__Data__
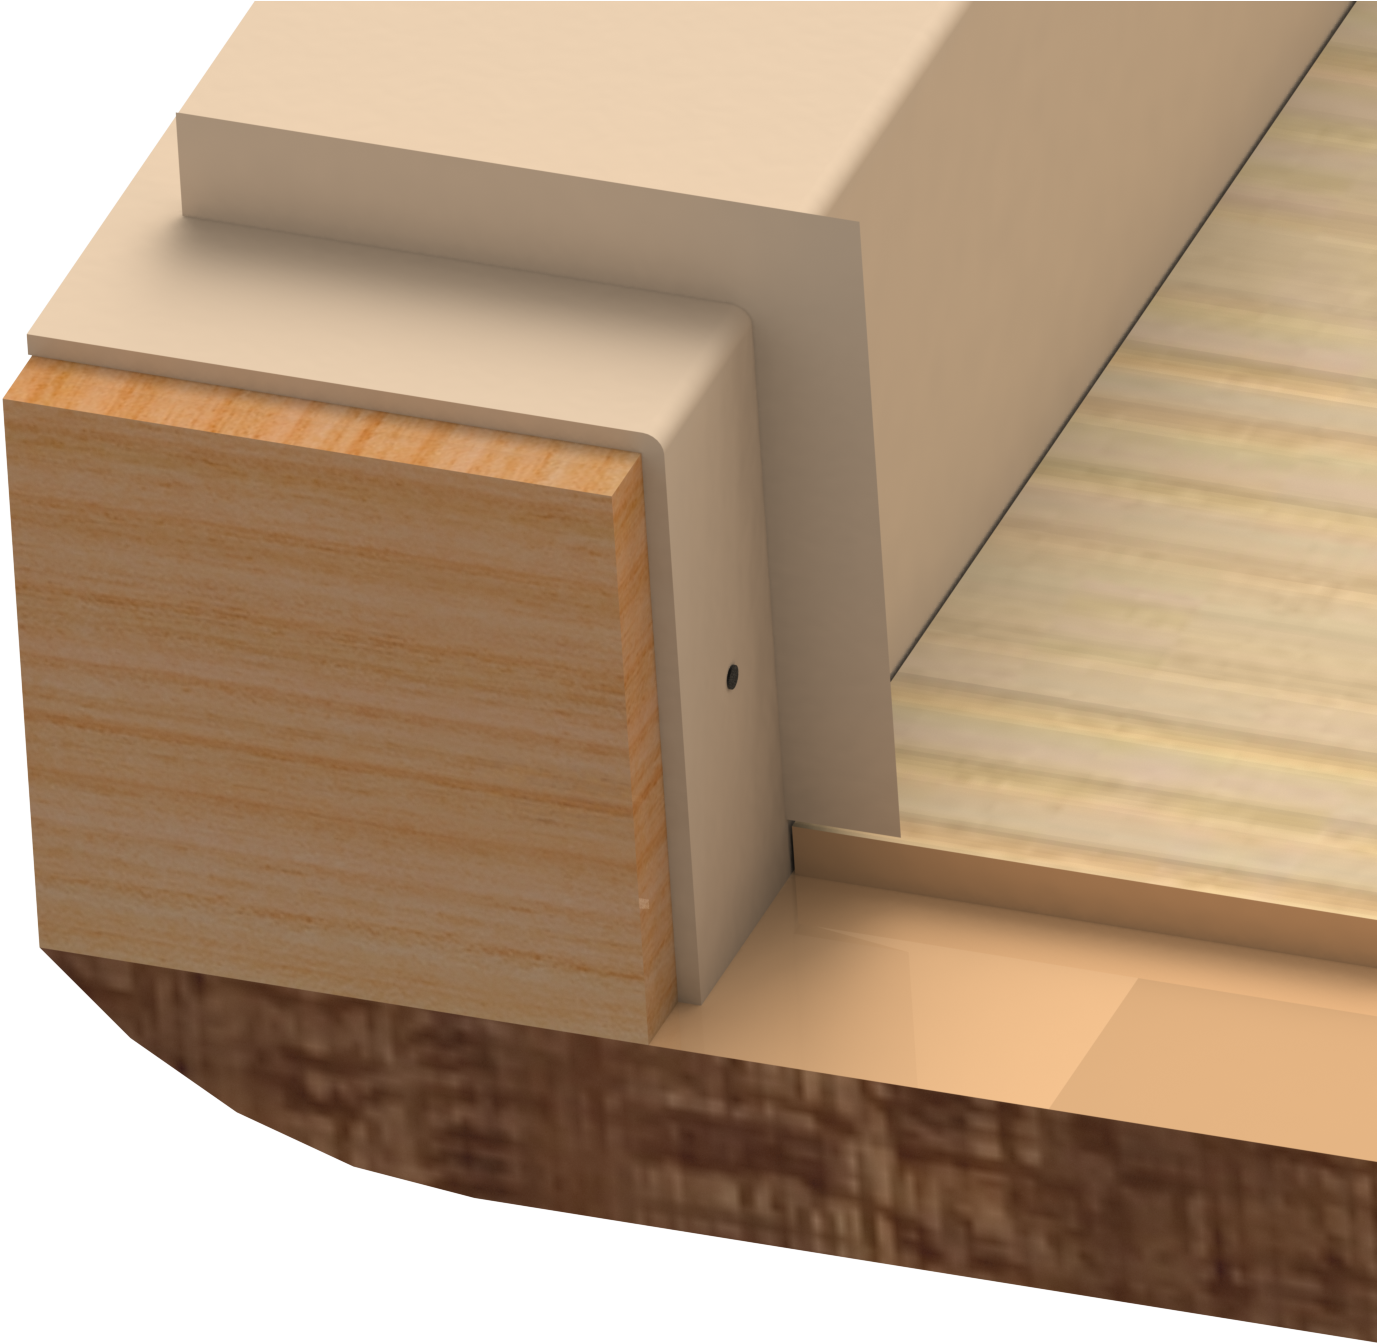 Our New Corner Design Uses A Plastic Insert To Hide - Plywood (2144x1423), Png Download
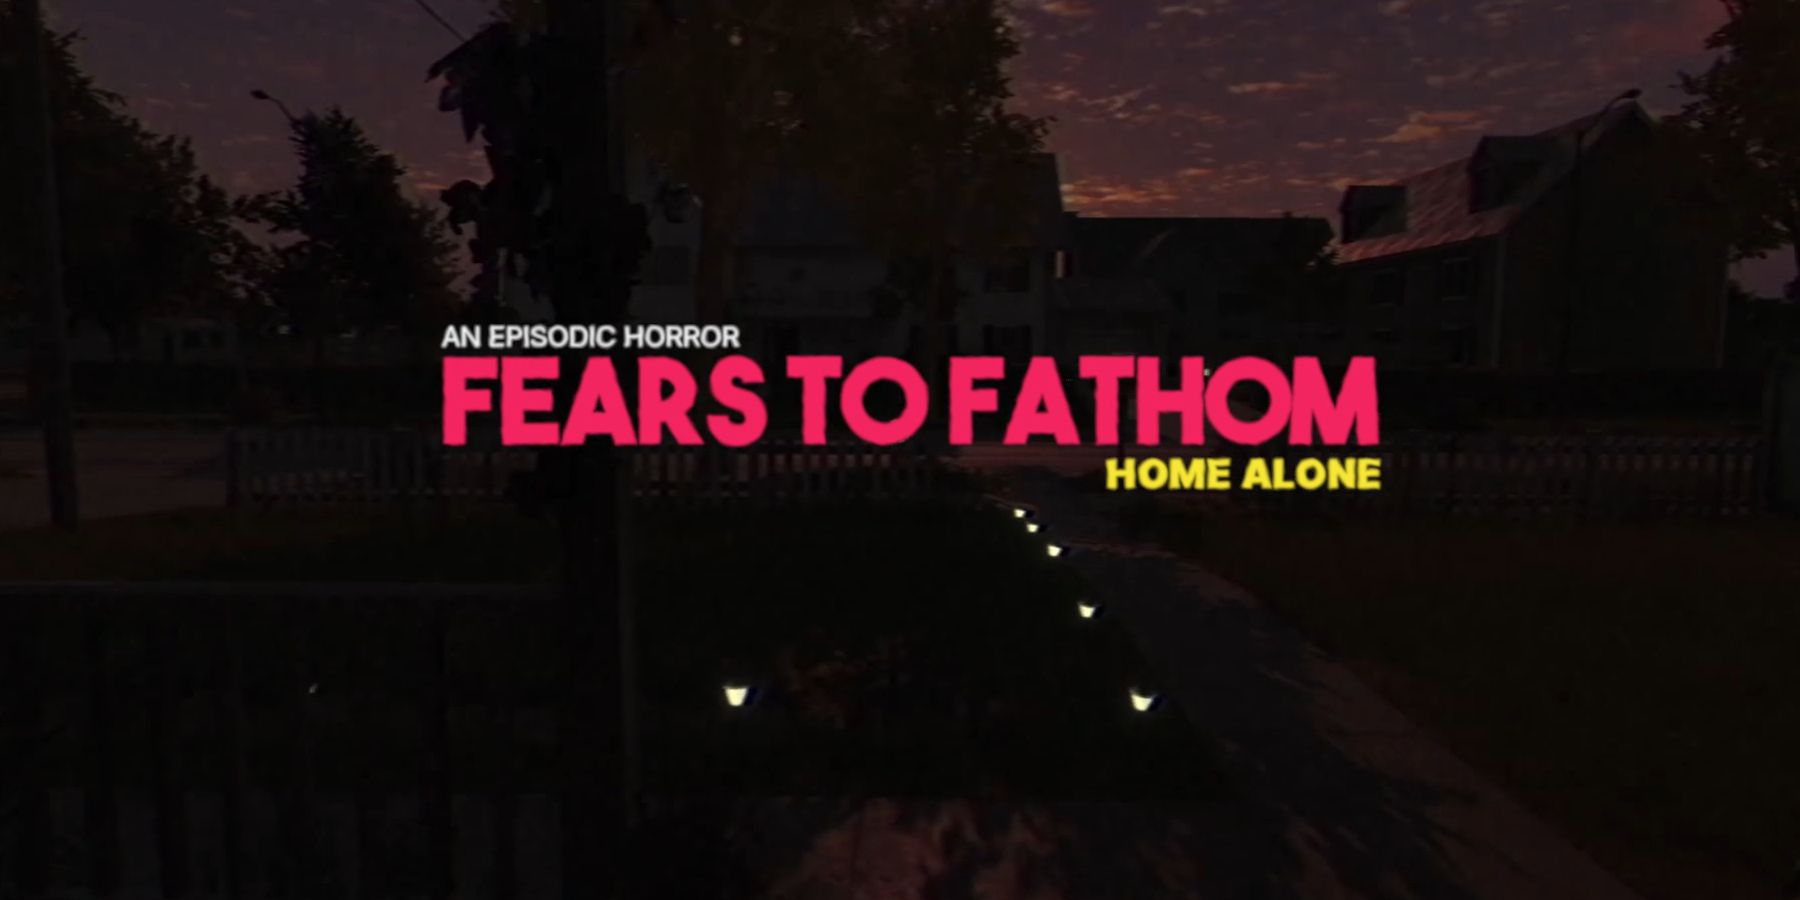 fears to fathom home alone title with a front porch as backdrop
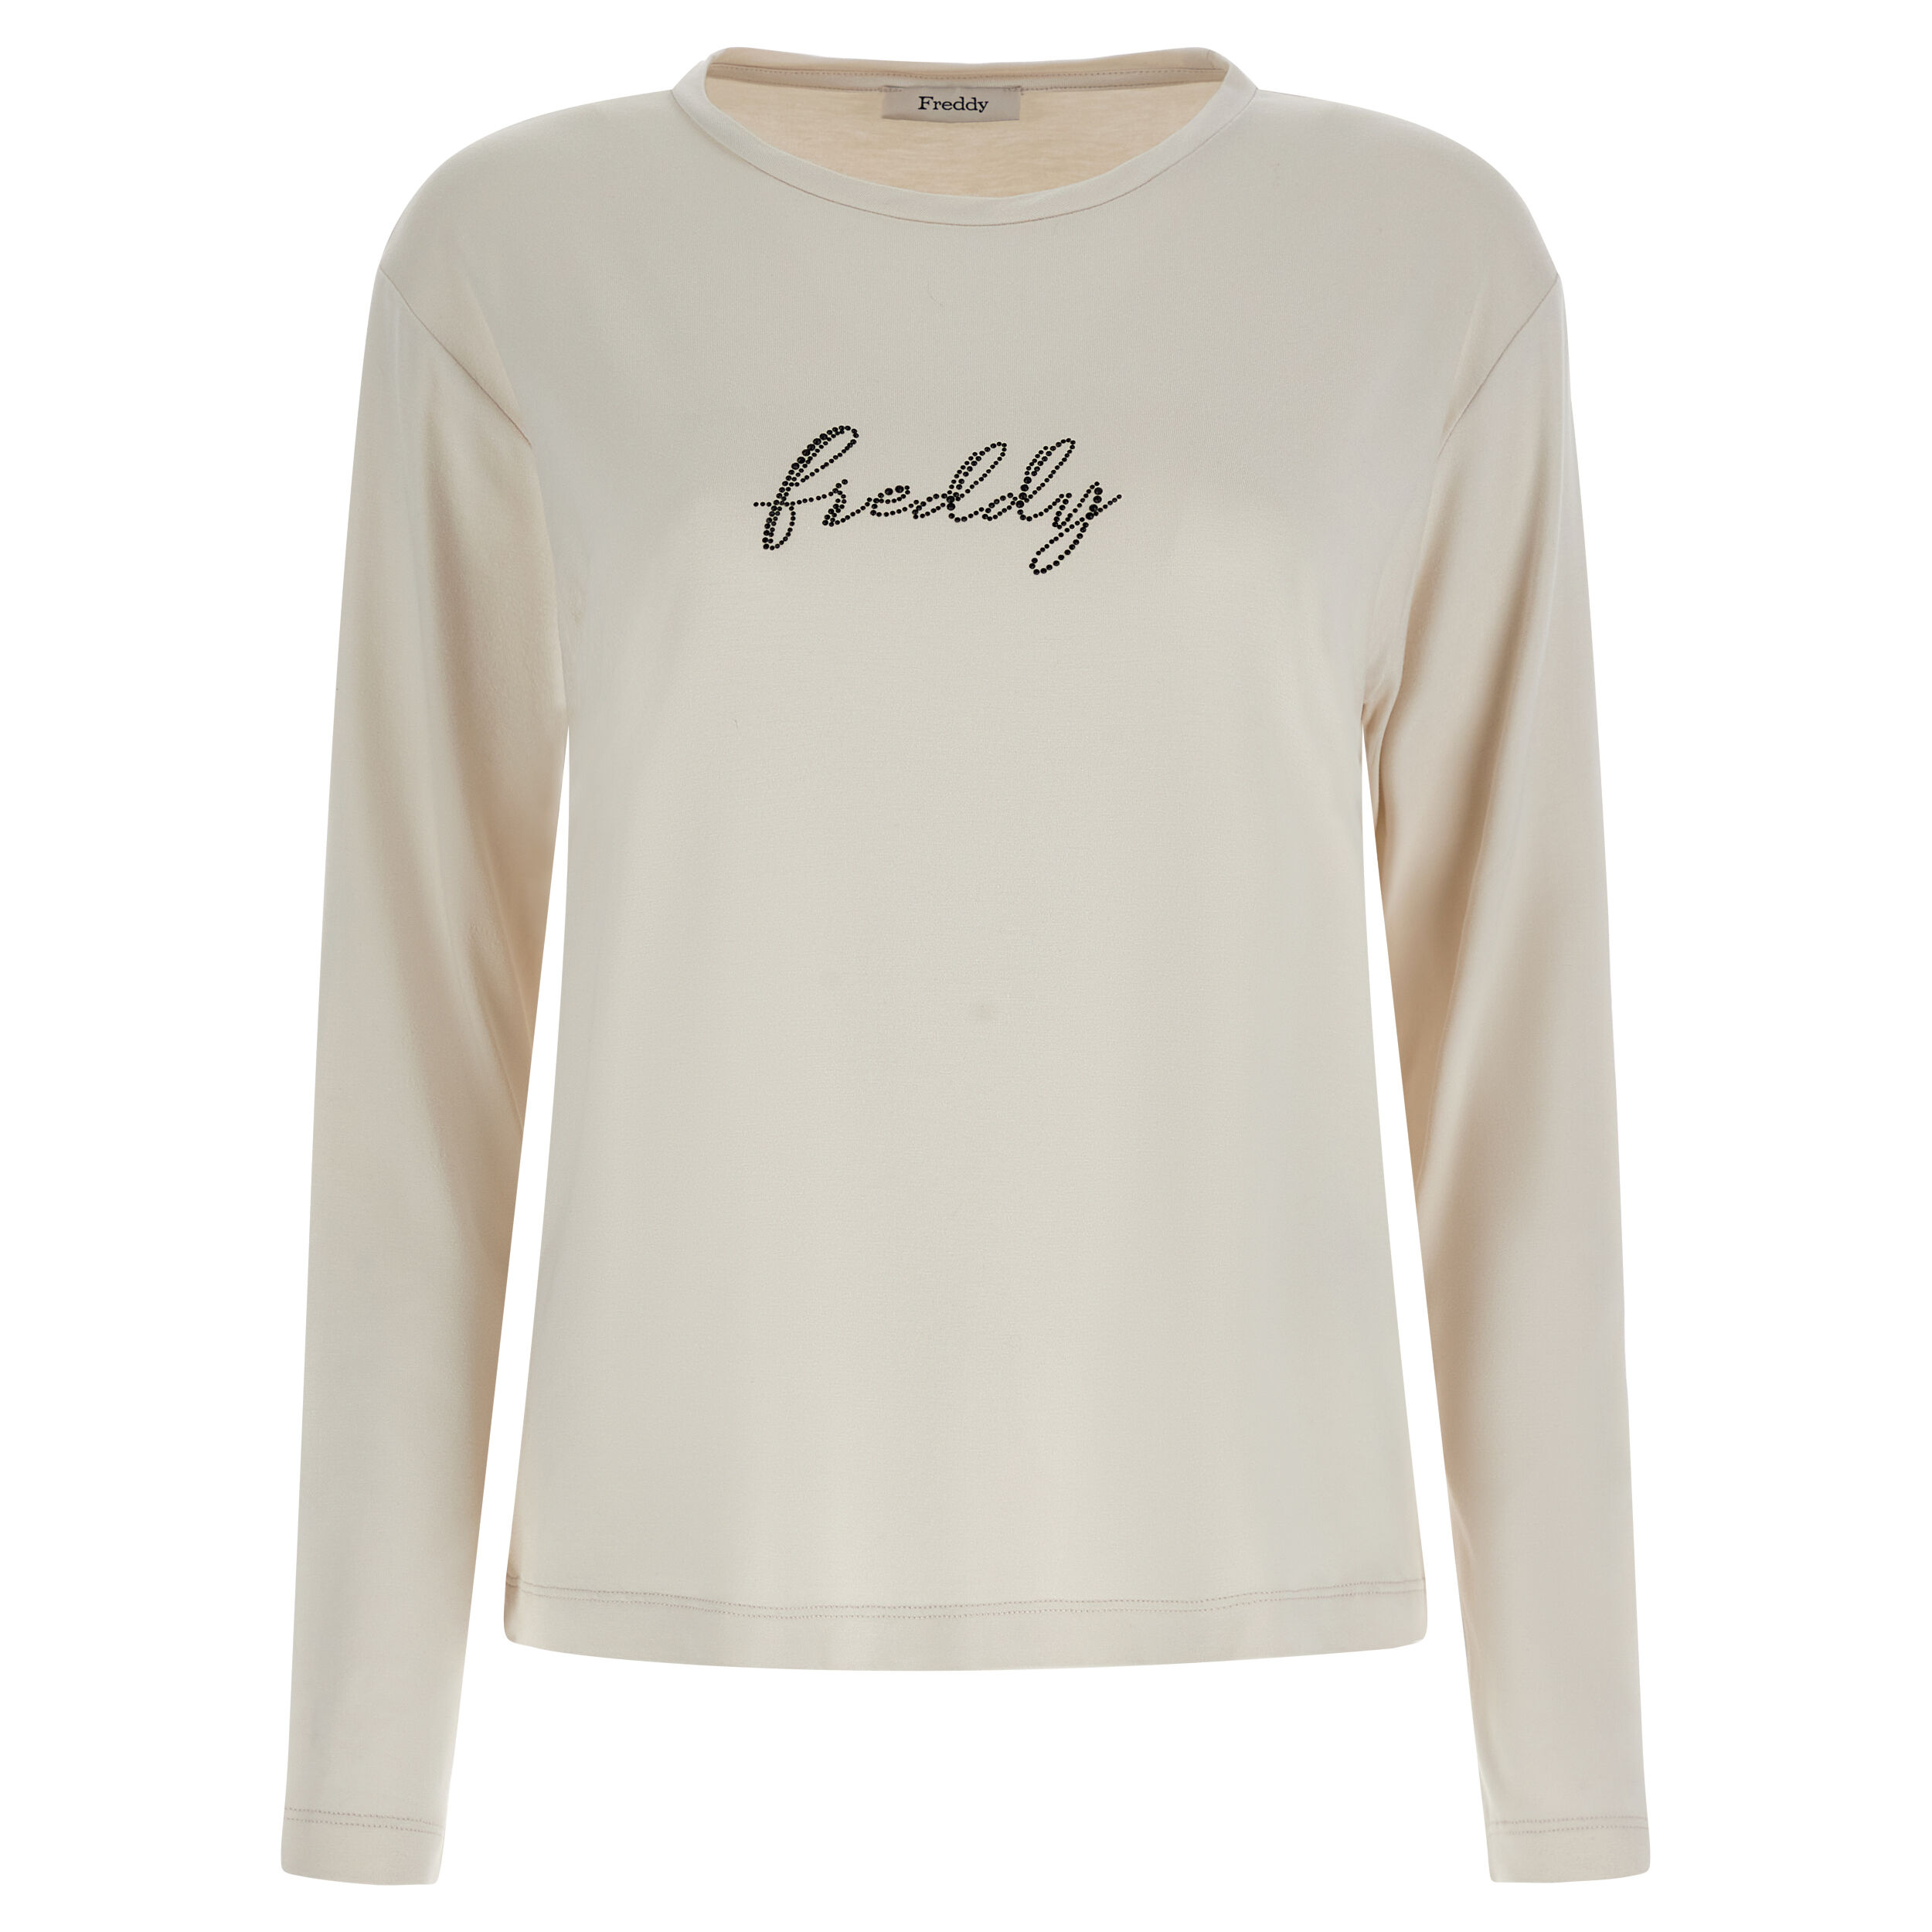 Freddy T-shirt manica lunga in jersey viscosa con logo in strass White Sand Donna Extra Small

__Activity__
With the pictures left out, copy exactly the lines from the one containing "fears to fathom" through the last line of the data.

__Written solution__
 fears to fathom home alone title with a front porch as backdrop
 Freddy T-shirt manica lunga in jersey viscosa con logo in strass White Sand Donna Extra Small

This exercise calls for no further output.